The story of Birsa Munda is itself talked about in very humane terms, with no artificial attempts to create a halo or deification because he is the subject of the book. That honest portrayal further shines through in creating a strong personal sketch of Birsa Munda for the reader. The reader understands the compulsions and frailties of a young tribal boy and his transformation into Bhagwan Birsa Munda whose life ended with commandeering a large number of followers known as Birsaites.
The book maintains a fast pace, avoids repetition of descriptive words and phrases and imagined dialogues in conversation. It also creates very engaging side stories of people who influenced Birsa Munda. Given a wall that the authors would have hit given the lack of research on these forgotten people of a forgotten thread of freedom struggle, it would not have been easy recreating their own personality nuances and traits. But the vivid characterisation of Birsa Munda’s family members, his teachers, the local landlords and the British officers involved adds great weight to the authenticity of the story.
This is an offbeat book to the extent that while it covers a very important piece of Indian history — and not too distant history at that — it has not been written as a historical account. The book is rather a dramatisation of the events that transpired in the life of Birsa Munda. The key happenings of his life are very much narrated, but the narration is in the form of a story. There is retelling of day to day goings-on and conversations between otherwise real people, with a shell of imagination.
This is not to say that history has been ignored. It would not be correct to call this book a fictionalisation. But what would have the family or Birsa Munda talked about on a given day when a certain event transpired? These questions are shaped through the authors’ mental map of how the life would have been under the trying circumstances. The story is authentic, the screenplay is imagined and constructed.
Purists who like to read history in its ingeminate form may hence be tempted to label the book less than desirably authentic. But that would be a harsh judgement. Tuhin has himself mentioned in many of his book publicity events that he did not start off writing history, which is a discipline he would not have been able to do justice to.
To add to the practical difficulties in chronicling such a personality, the story of Birsa Munda itself is not retold in the official strands of our education and narrative building, let alone the history of the society in which he lived and led. The years that cover Birsa Munda’s life and times were also the period where the British stranglehold on India was peaking, and the native viewpoint was limited in quantity as well as extent of geographic coverage.
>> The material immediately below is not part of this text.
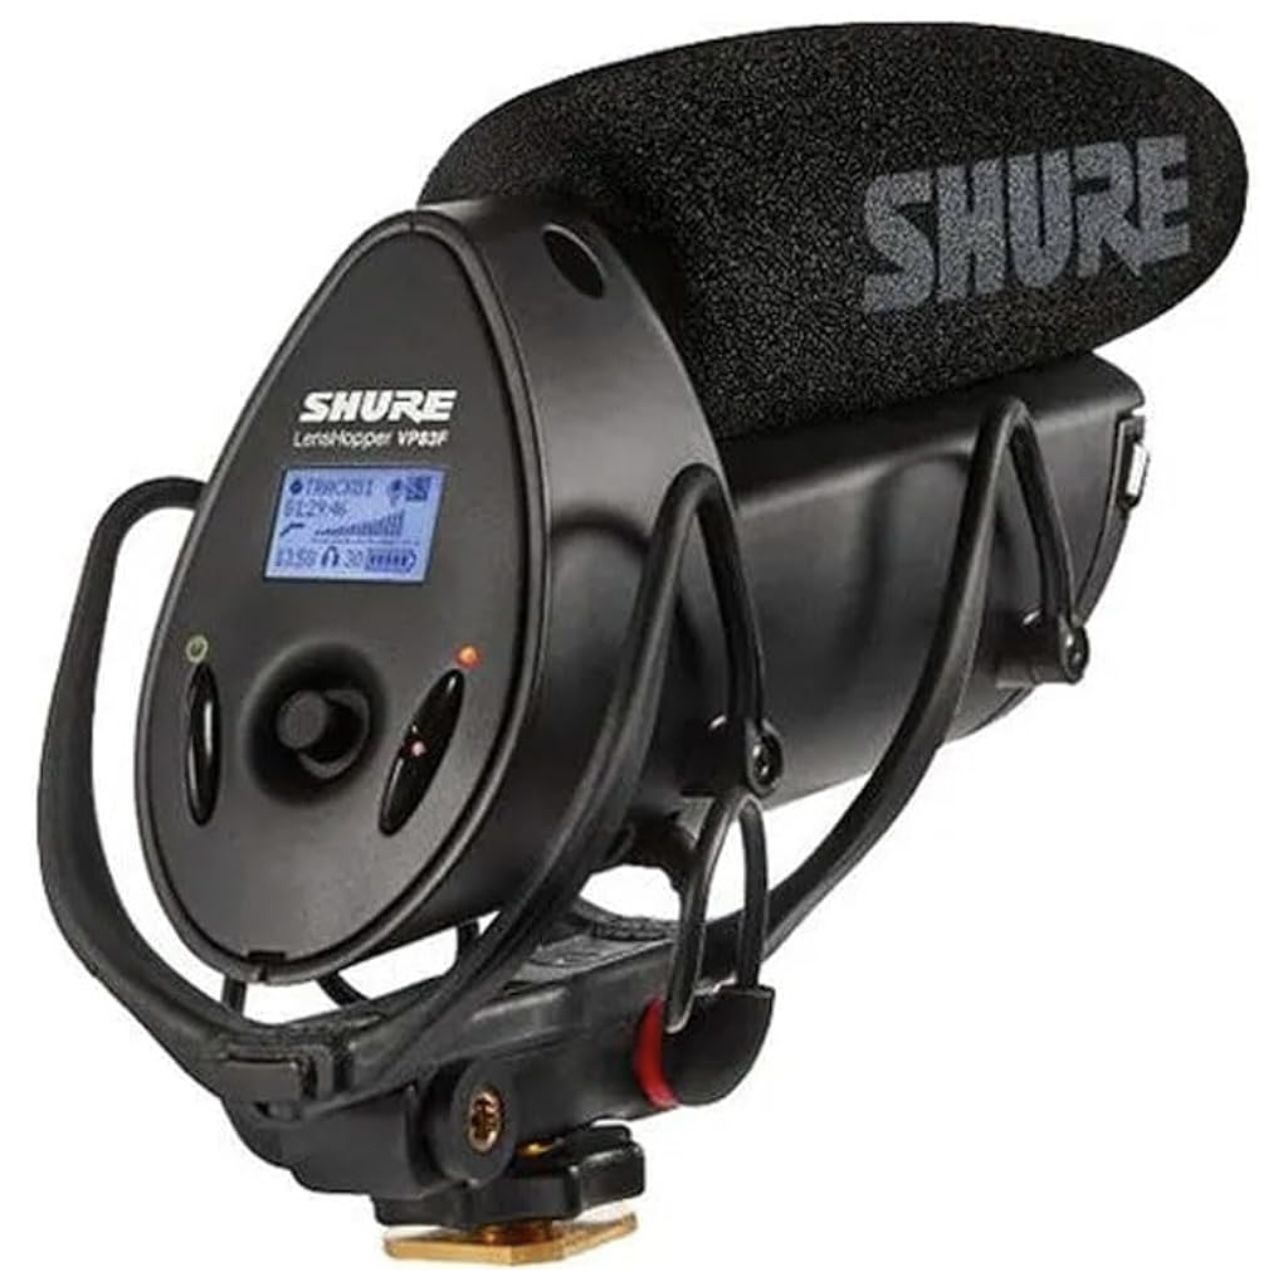 Shure VP83F LensHopper Camera-Mount Shotgun Microphone.

A lot of documentation would thus rely on chequered British view point.
Rather than that become a limitation, the book has been presented as a story. Reading this book is equivalent of watching a movie made on the life of a real, historical figure. Just that one engages with the written word and not an audio-visual medium.
The birthday of Bhagwan Birsa Munda falls on 15 November. Earlier last year, Prime Minister Narendra Modi announced that the day will be celebrated henceforth as Janajatiya Gaurav Diwas. Author Tuhin Sinha has since written to the Prime Minister seeking a Bharat Ratna award for the only tribal leader whose portrait has been installed in Parliament. These are important steps in reshaping our understanding of how we achieved freedom.
Sinha and Verma have done a very sincere job, which fills a void in understanding the role of various freedom fighters in driving the British out of India. The publication of such books is a welcome and meaningful step.